Солидные состоятельные актеры проводят это время на берегу моря. Нам же, молодым людям,— трудновато. Товарищеская марка колеблется, не доходя до высоких норм, и поэтому «жизненный уровень» невысок.
Мы еще молоды, и в такую жару нам хочется мороженого. Его продает добрый грек, который соглашается даже записывать на счет. Но ведь когда-нибудь наступит день расплаты!.. Все равно, мороженого хочется. И все-таки еда…
Мы переписываем роли по ночам — на мороженое, и на хлеб с маслом. Нас увлекает море, и все невзгоды переносятся просто. Но где-то уже начинает гвоздить, чувство ответственности. Ведь я — муж, и помощи ждать неоткуда. Надо оказывать ее самому. И к родителям — не вернешься. Какая им радость, подумаешь, безработный, безденежный сын-актер, который только и успел, что жениться. Нет, такое возвращение было бы позорным для моей гордости, моего мужского самолюбия. Я мог вернуться только во всеоружии.
Но беда не приходит одна. Николай Николаевич не будет работать в Харькове — он уезжает в готовое, налаженное дело. И, памятуя мои отношения с директором, не зовет меня с собой… из-за моего действительно злого поступка. И я остаюсь без приглашения.
Лето почти на исходе. Кто использовал его удачно — едет отдыхать. А вам, Борис Яковлевич Петкер,— никаких перспектив.
Как стыдно идти на биржу. Может быть, потому что это первый раз… потом привыкнешь. Первые горькие жизненные шаги.
Но все-таки молодость — это пора неунывания. Пусть сейчас неважно — должно все наладиться, все должно пойти хорошо. Как? Еще неизвестно. Но должно. Не может же плохое продолжаться без конца.
В Новороссийске я получил с Эммануилом Каминкой пополам бенефис. Все-таки кое-что. Ночью мы прибивали с ним в городе плакаты. Я помню, не разобравшись в темноте, пытался приколотить его на чьи-то ставни, за что был награжден несколькими «ободряющими» словами.
Для бенефися мы выбрали «Ревность» Арцыбашева. Каминка играл Сережу, я — доктора Коваленко. Но даже такие зазывные слова, как с «разрешения Реперткома», не оказали на публику особого действия и не привили в порядок наши кошельки. Наше «состояние» оставалось разоренным.
А чудесное море манит. Недалеко от бухты играют дельфины. Даже солнечная площадь города, которую днем все обходят тенистыми переулками, не страшна. Молодость!
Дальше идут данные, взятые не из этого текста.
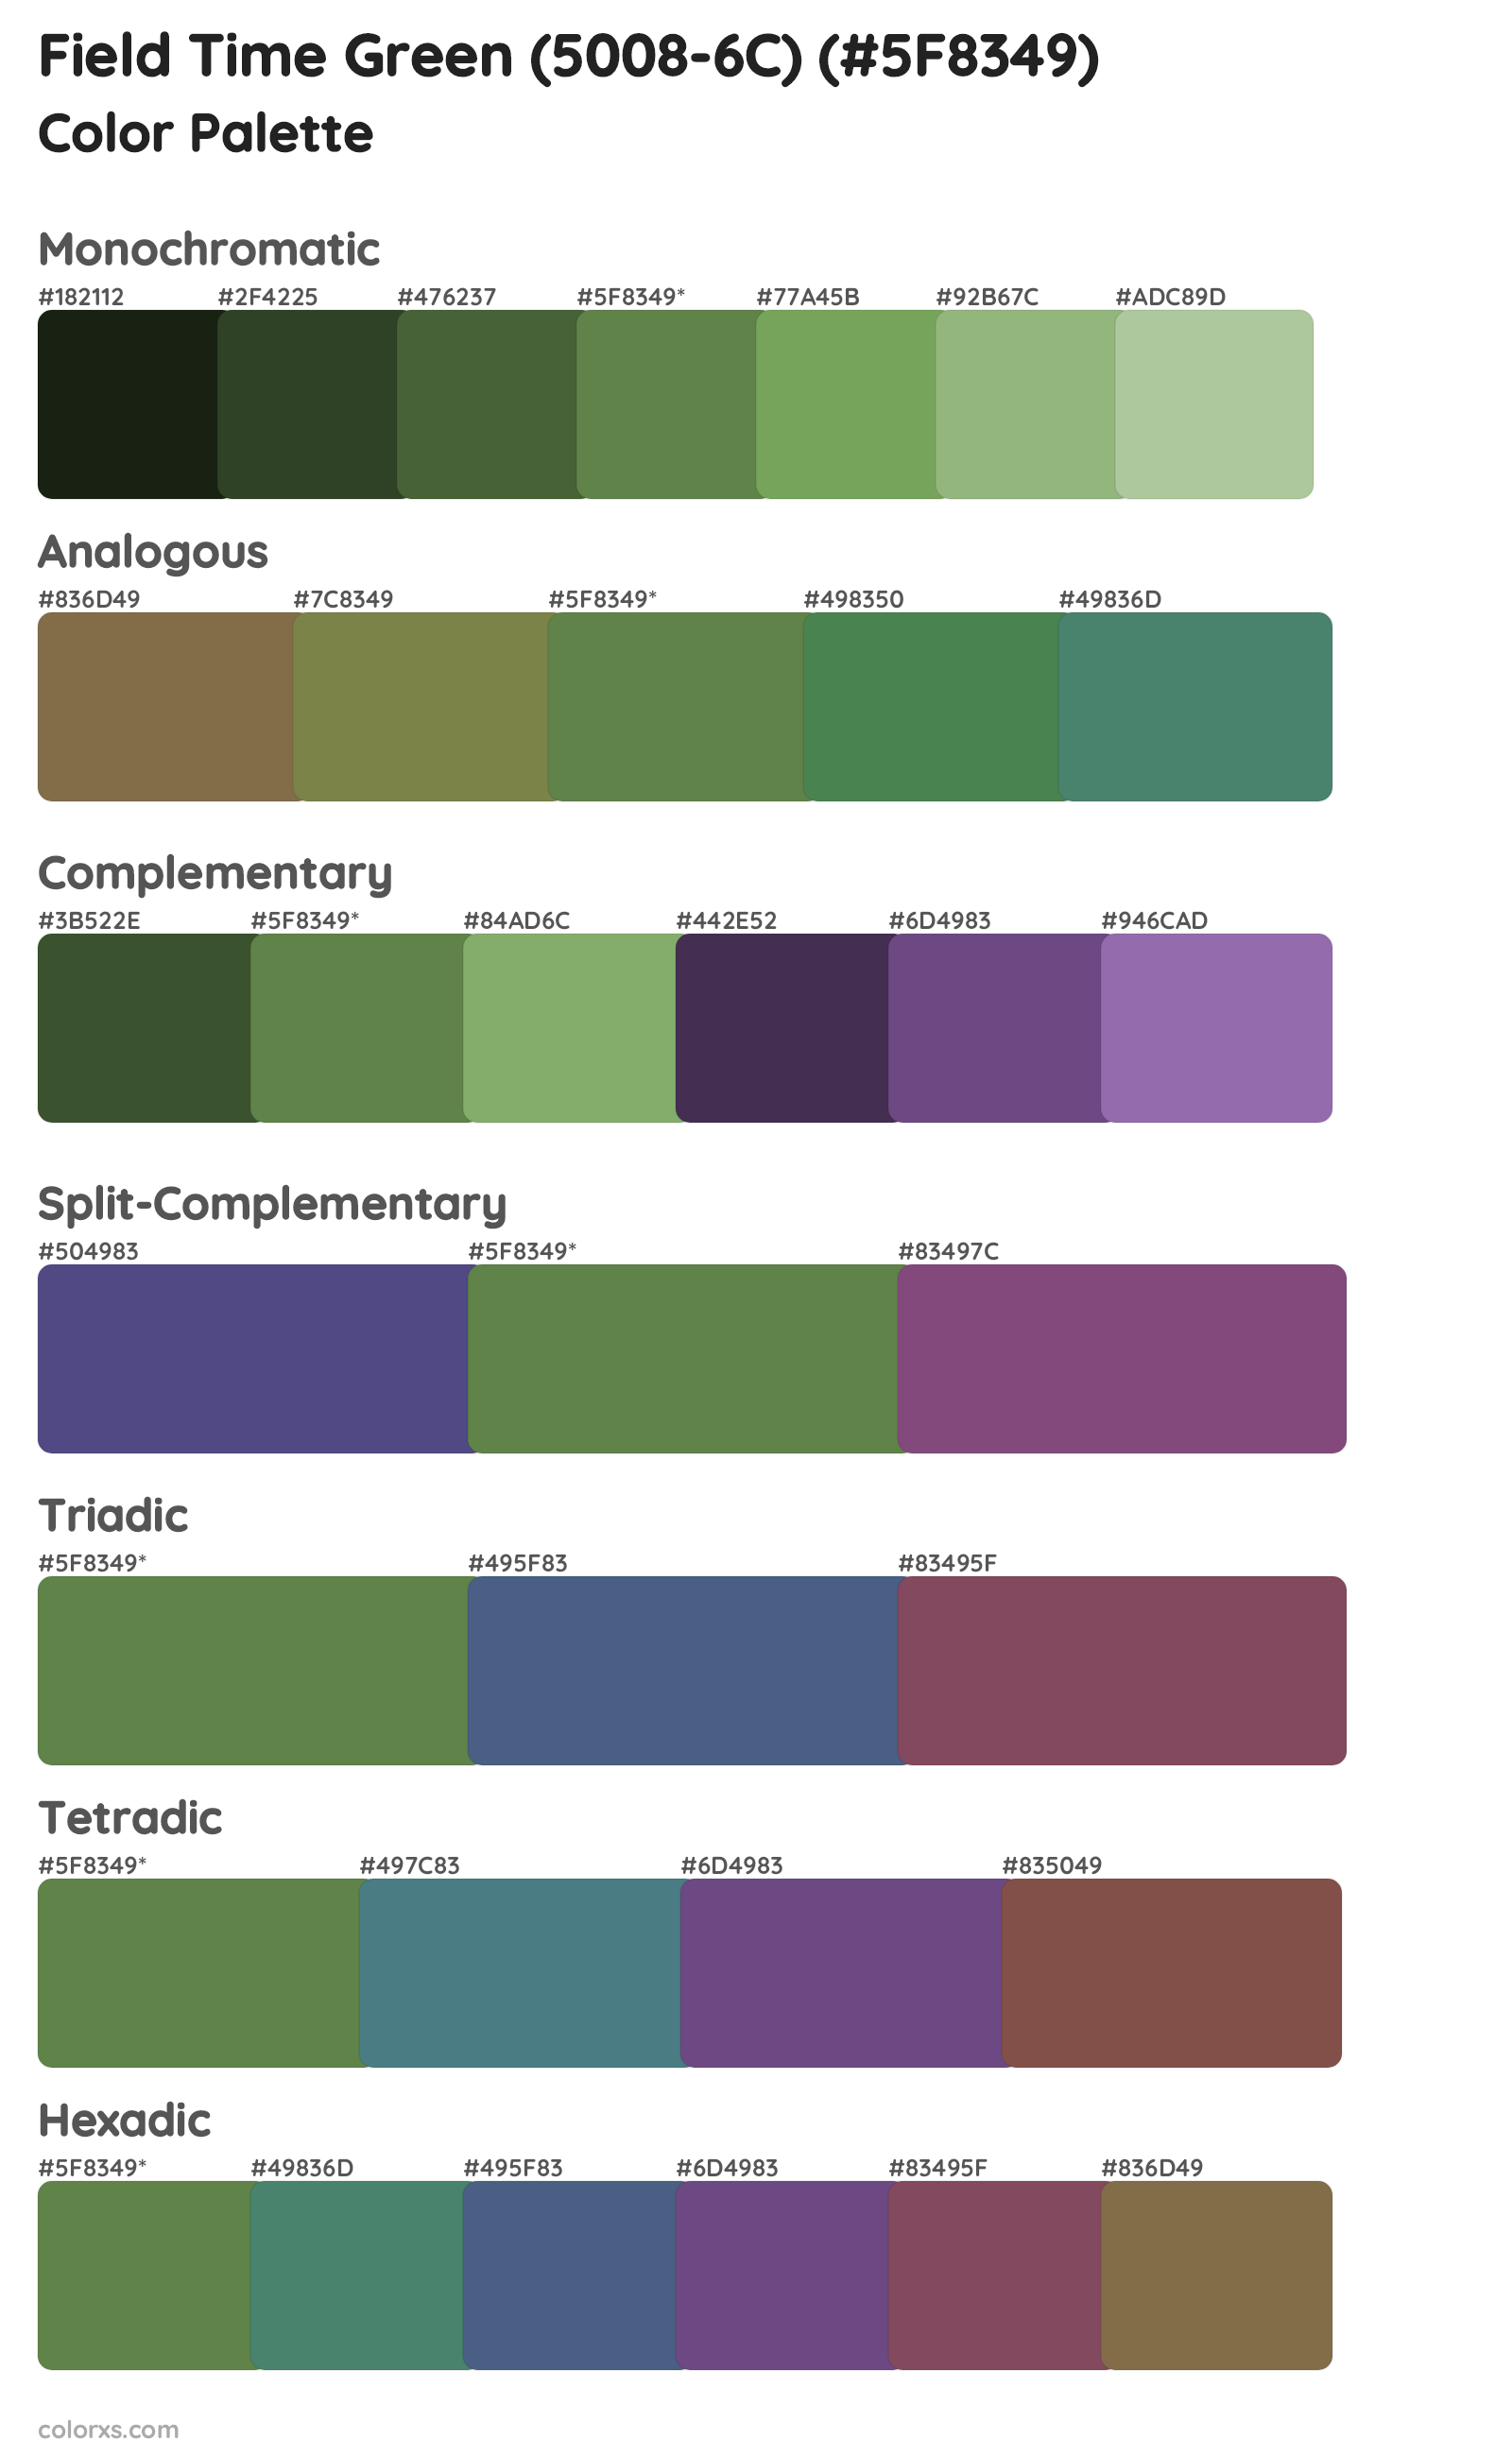 Field Time Green (5008-6C) Color Scheme Palettes
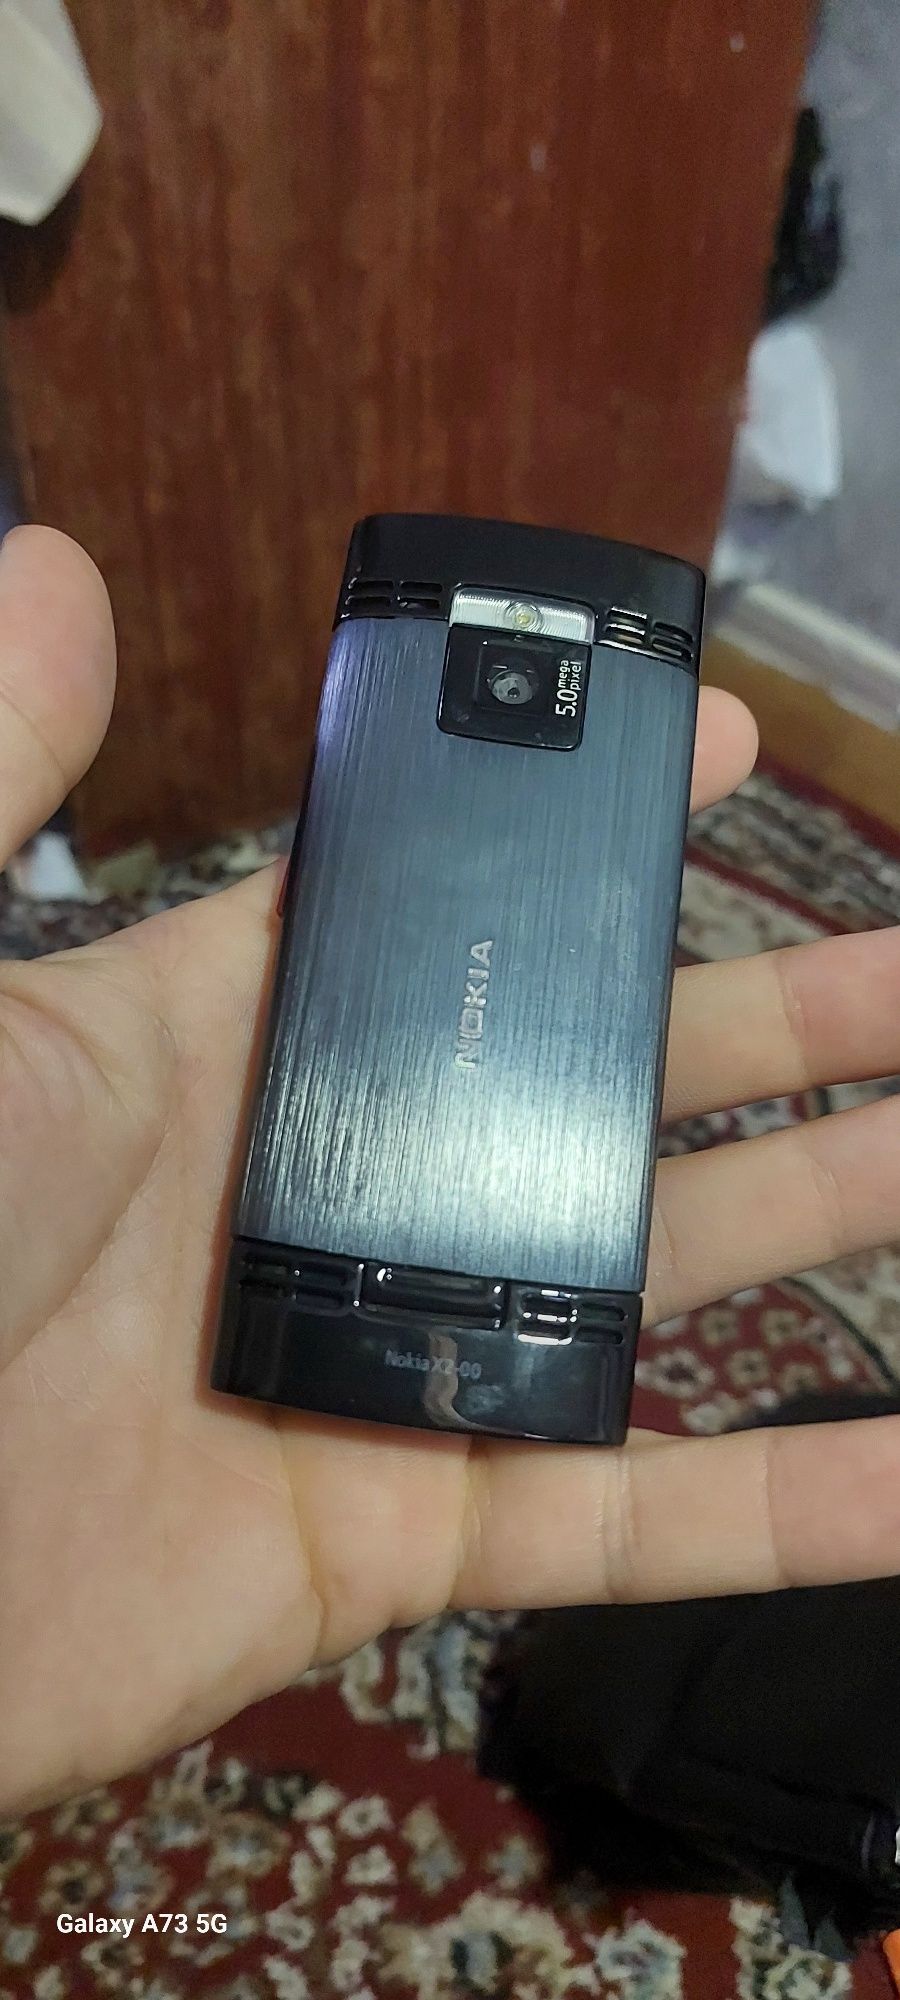 Nokia e51 Nokia 6300 Nokia x2 registratsa bogan

Перспективы, в общем, ужасны, но юность все побеждает, хотя бы в мечтах.
Утро. Лежим на пляже. Моя уверенность меня не покидает, но как-то щемит сердце. Это, наверно, первые обиды. Да, поступок неблагородный, но ведь он — по зову сердца… Разве любовь не самый оправдывающий аргумент?
Но теперь мы вместе. Все позади. Вот только бы появилась работа, хоть какой-нибудь завалящий ангажемент.
И вдруг неожиданно,— впрочем, почему же неожиданно, я этого ждал, хотя все равно этому трудно поверить,— флюгер счастья повернулся в мою сторону…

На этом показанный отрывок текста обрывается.